#### Problem details:
The material below holds pictures, which are to be left out; copy exactly the lines from the one with "Am Ball: Auf" through the one with "rode en gele achtergrond met stippen. vector".

Start of Dataset entries

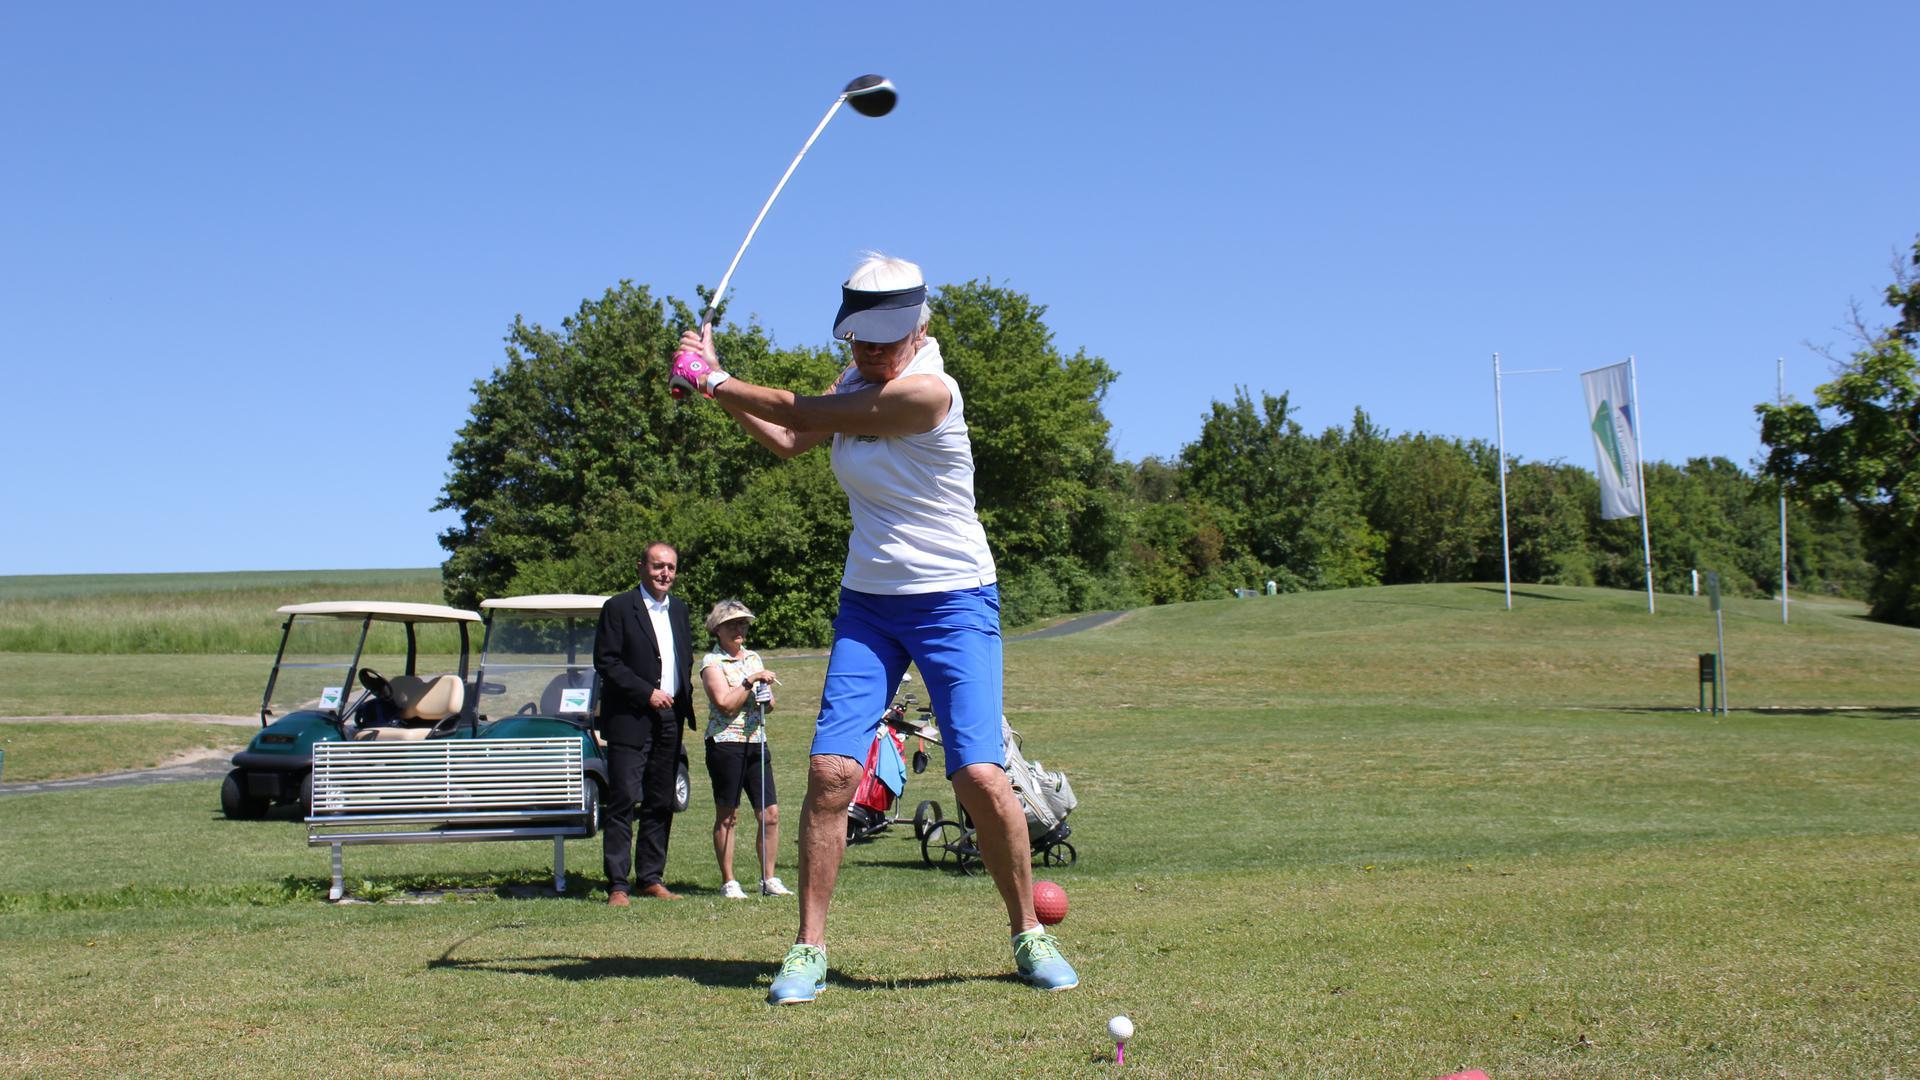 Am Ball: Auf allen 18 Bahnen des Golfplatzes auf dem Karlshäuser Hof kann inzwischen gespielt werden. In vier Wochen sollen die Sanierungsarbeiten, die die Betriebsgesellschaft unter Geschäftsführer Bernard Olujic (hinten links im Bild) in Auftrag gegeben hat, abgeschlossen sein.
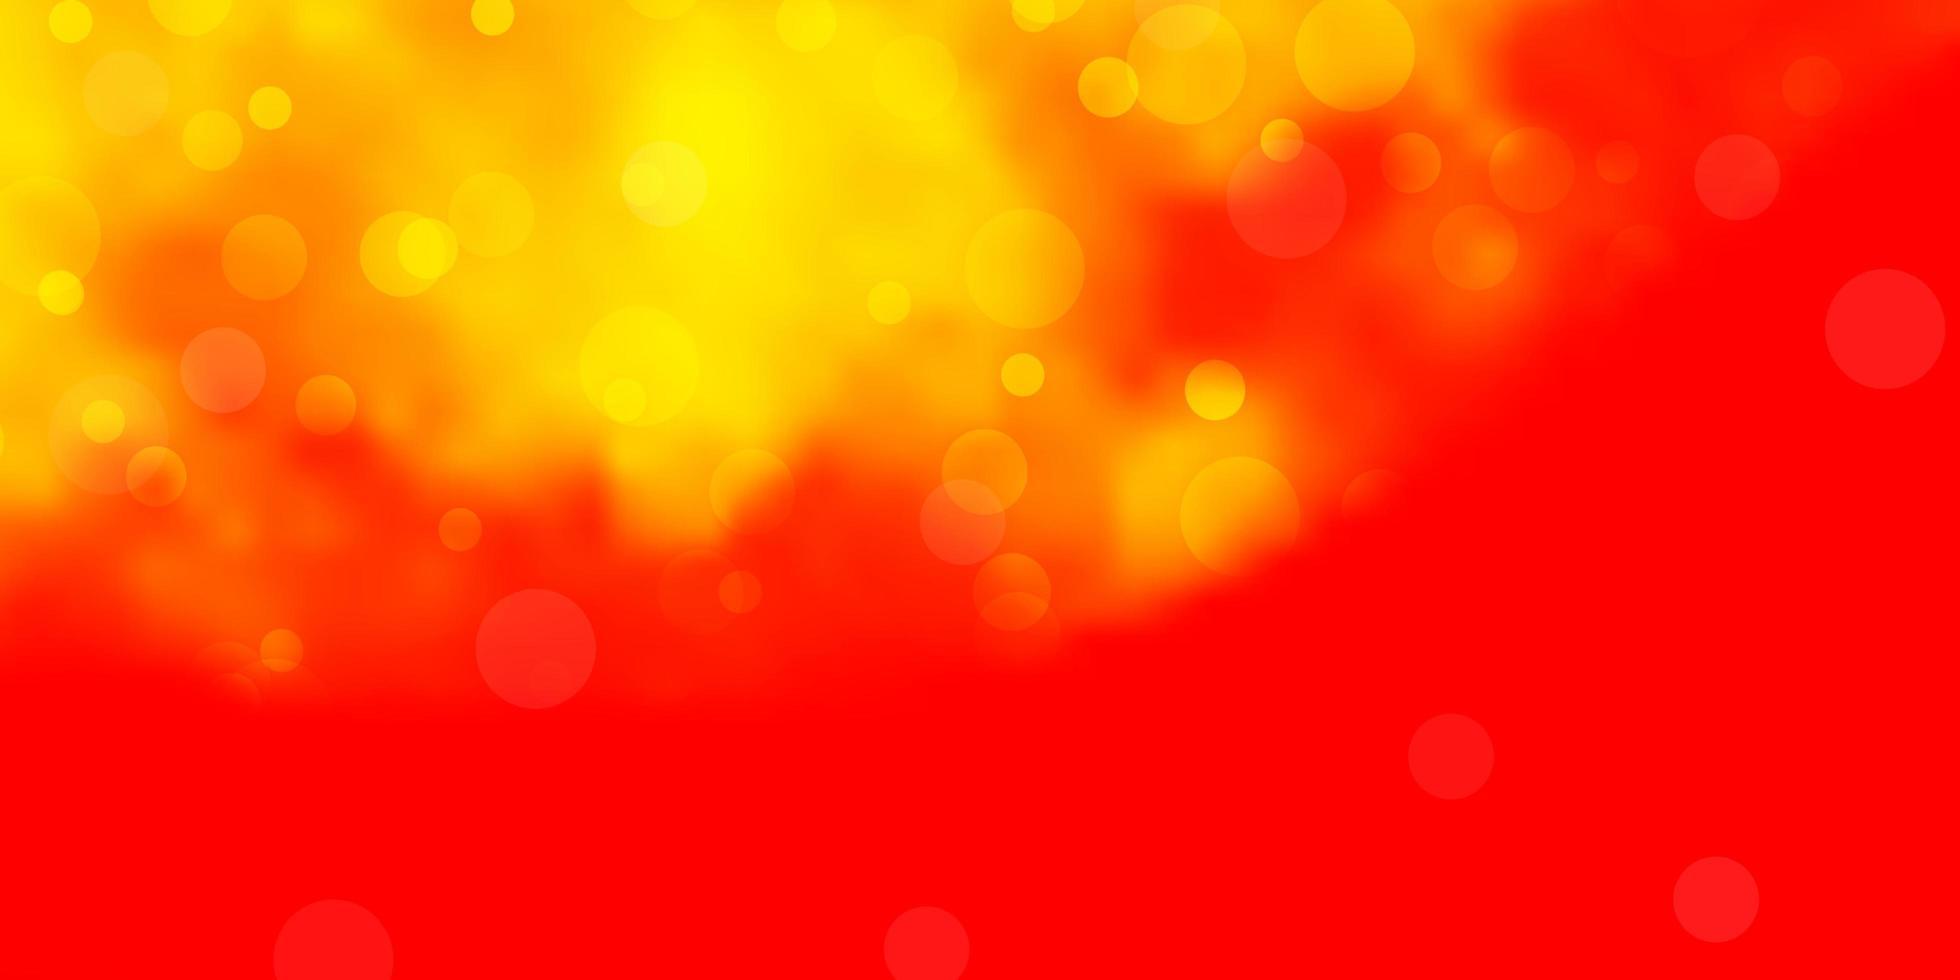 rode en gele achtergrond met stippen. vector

End of Dataset entries
Start of Dataset entries

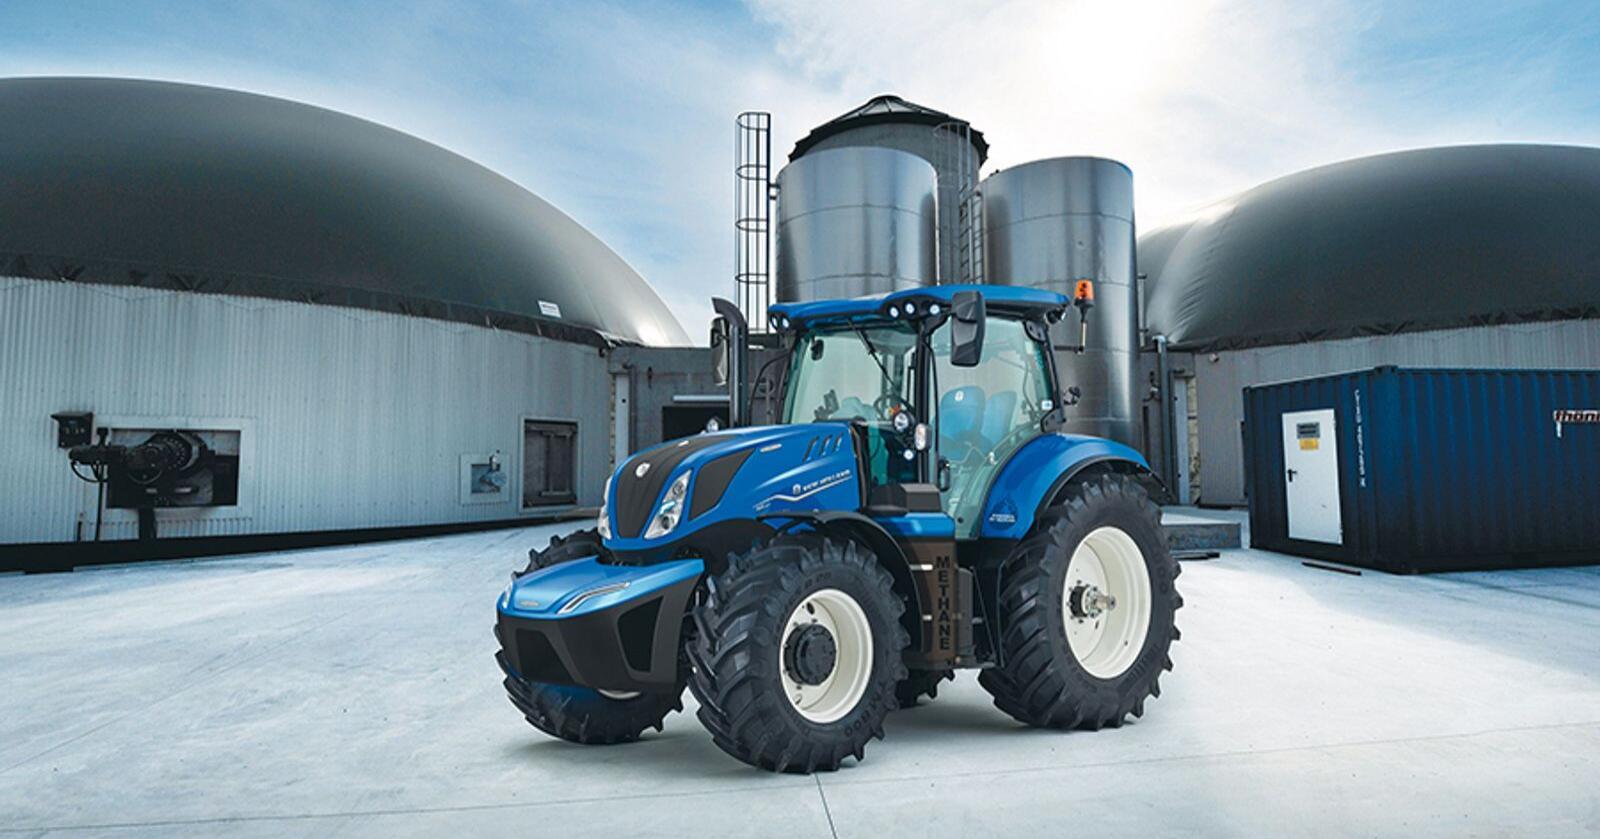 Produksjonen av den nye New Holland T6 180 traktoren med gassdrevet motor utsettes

End of Dataset entries
Start of Dataset entries

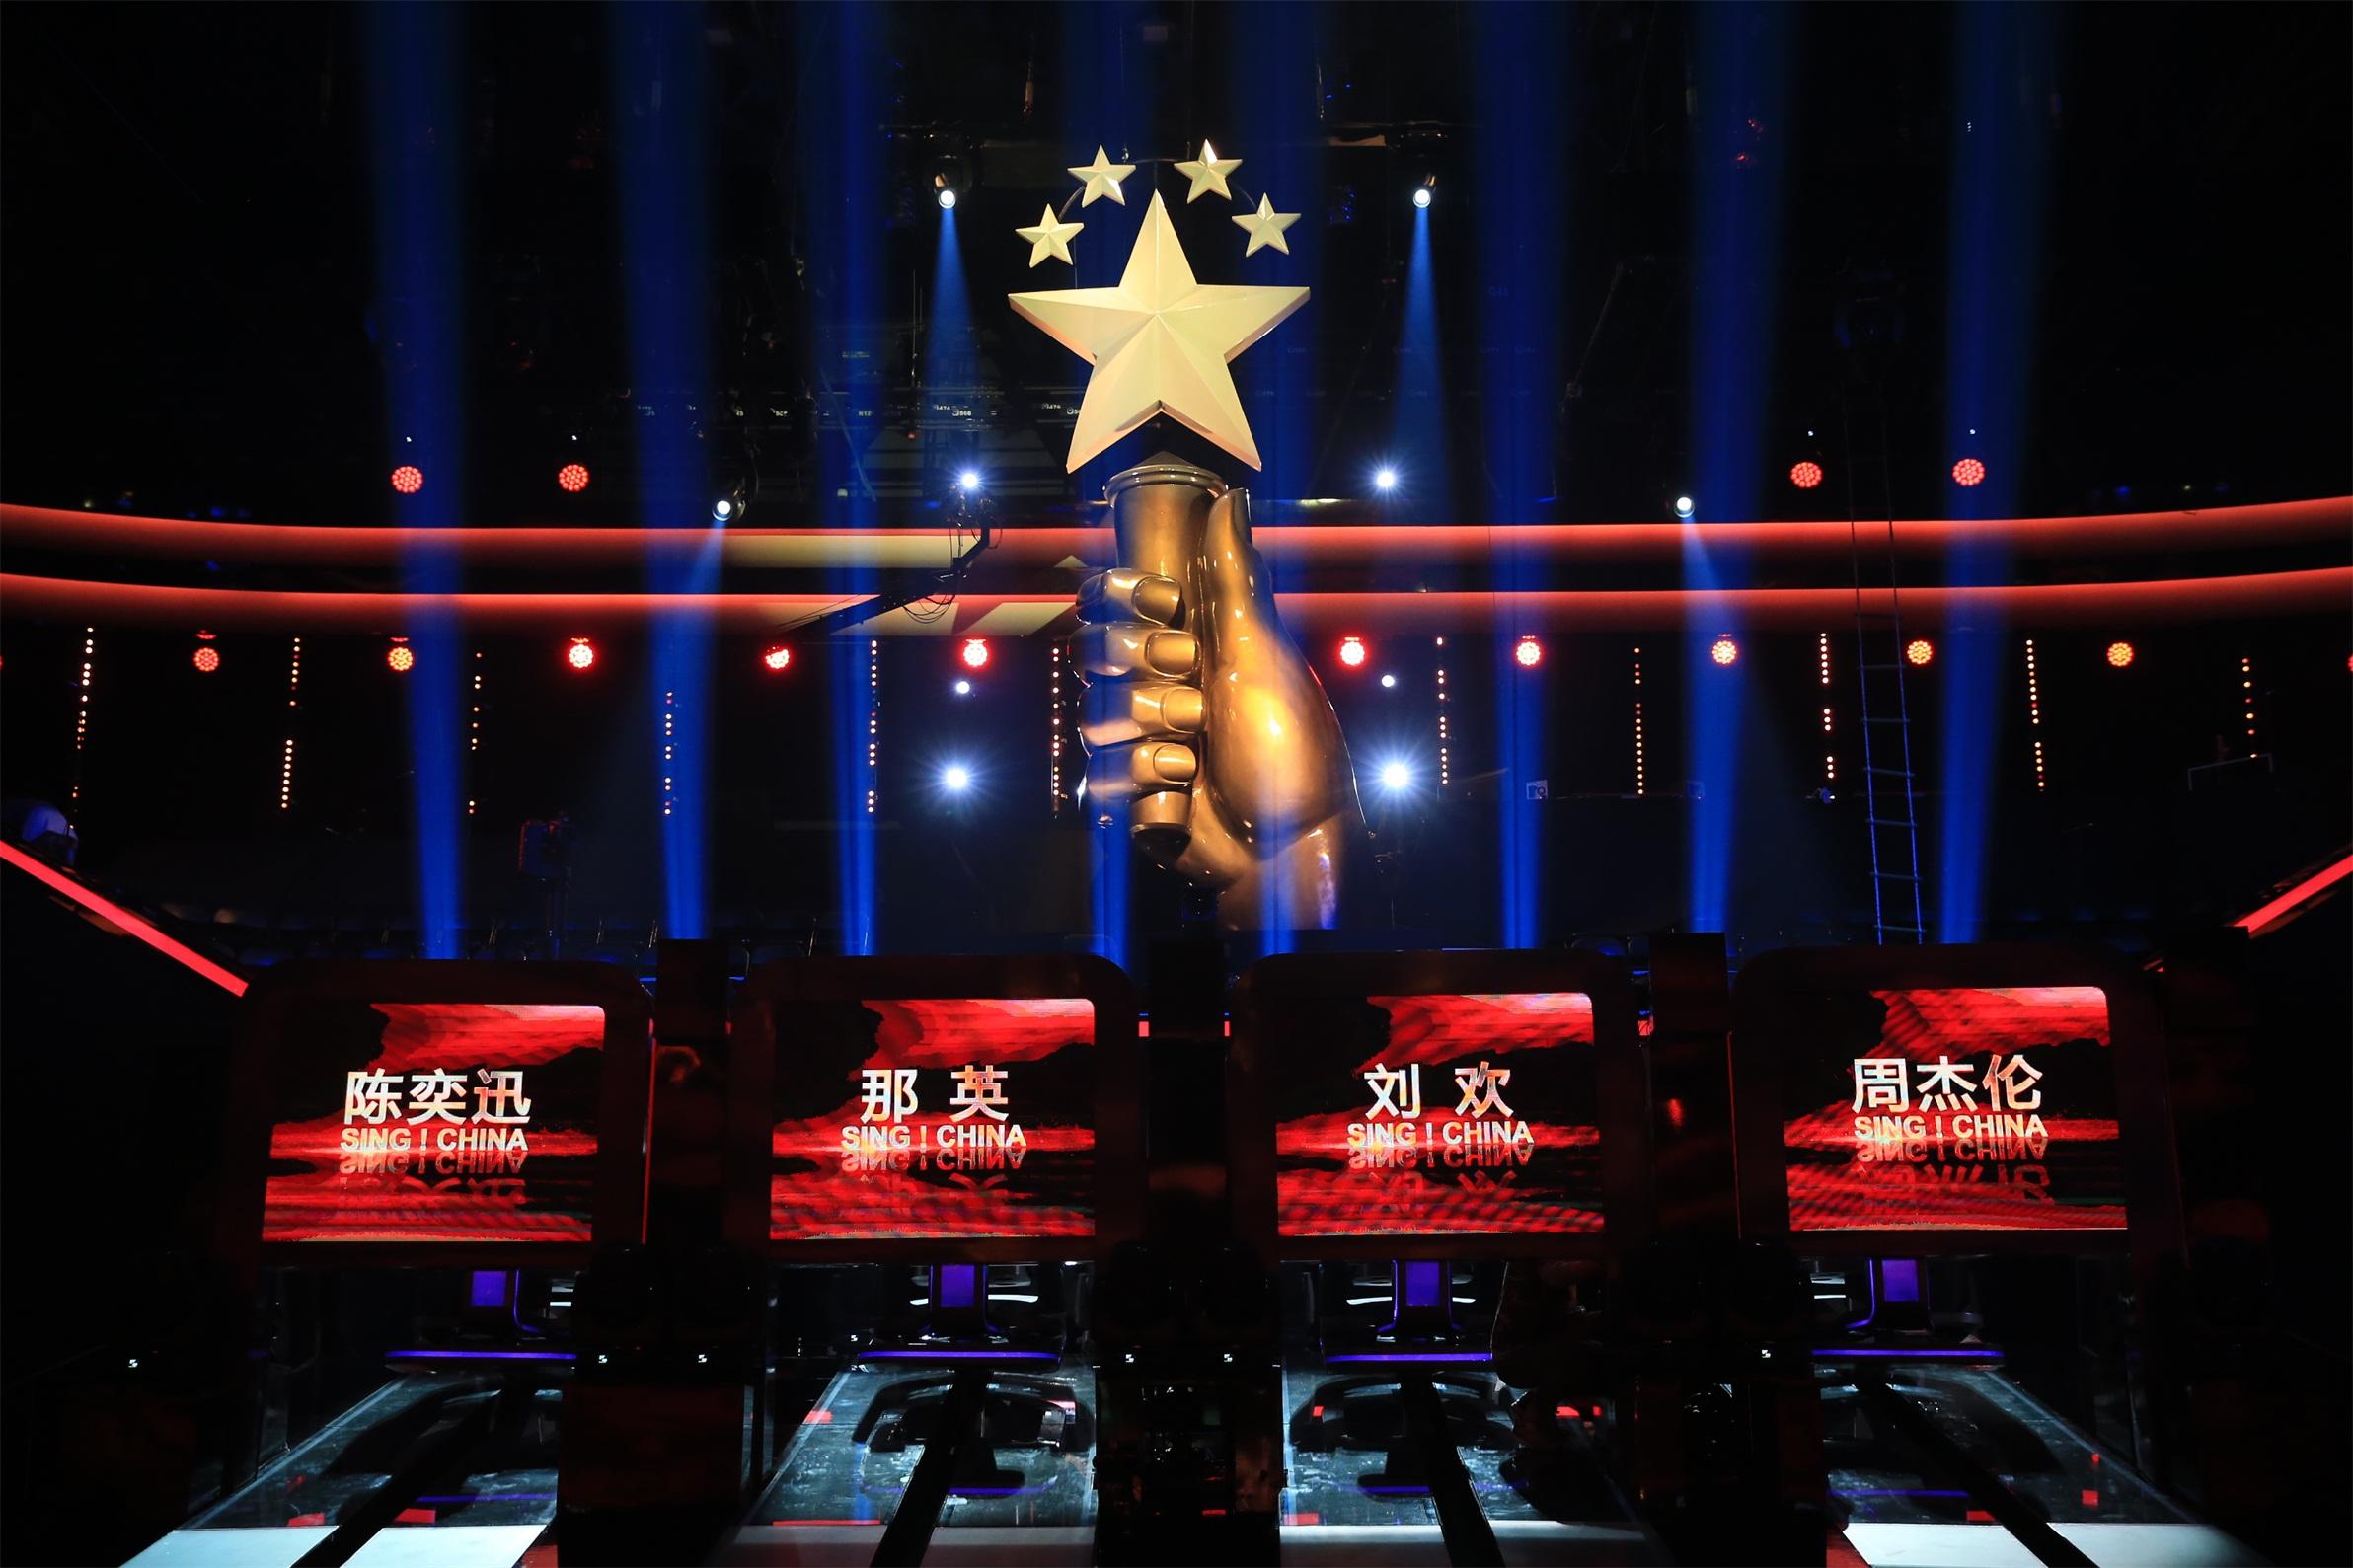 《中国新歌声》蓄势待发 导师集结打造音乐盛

End of Dataset entries

#### Written reply:
 Am Ball: Auf allen 18 Bahnen des Golfplatzes auf dem Karlshäuser Hof kann inzwischen gespielt werden. In vier Wochen sollen die Sanierungsarbeiten, die die Betriebsgesellschaft unter Geschäftsführer Bernard Olujic (hinten links im Bild) in Auftrag gegeben hat, abgeschlossen sein.
 rode en gele achtergrond met stippen. vector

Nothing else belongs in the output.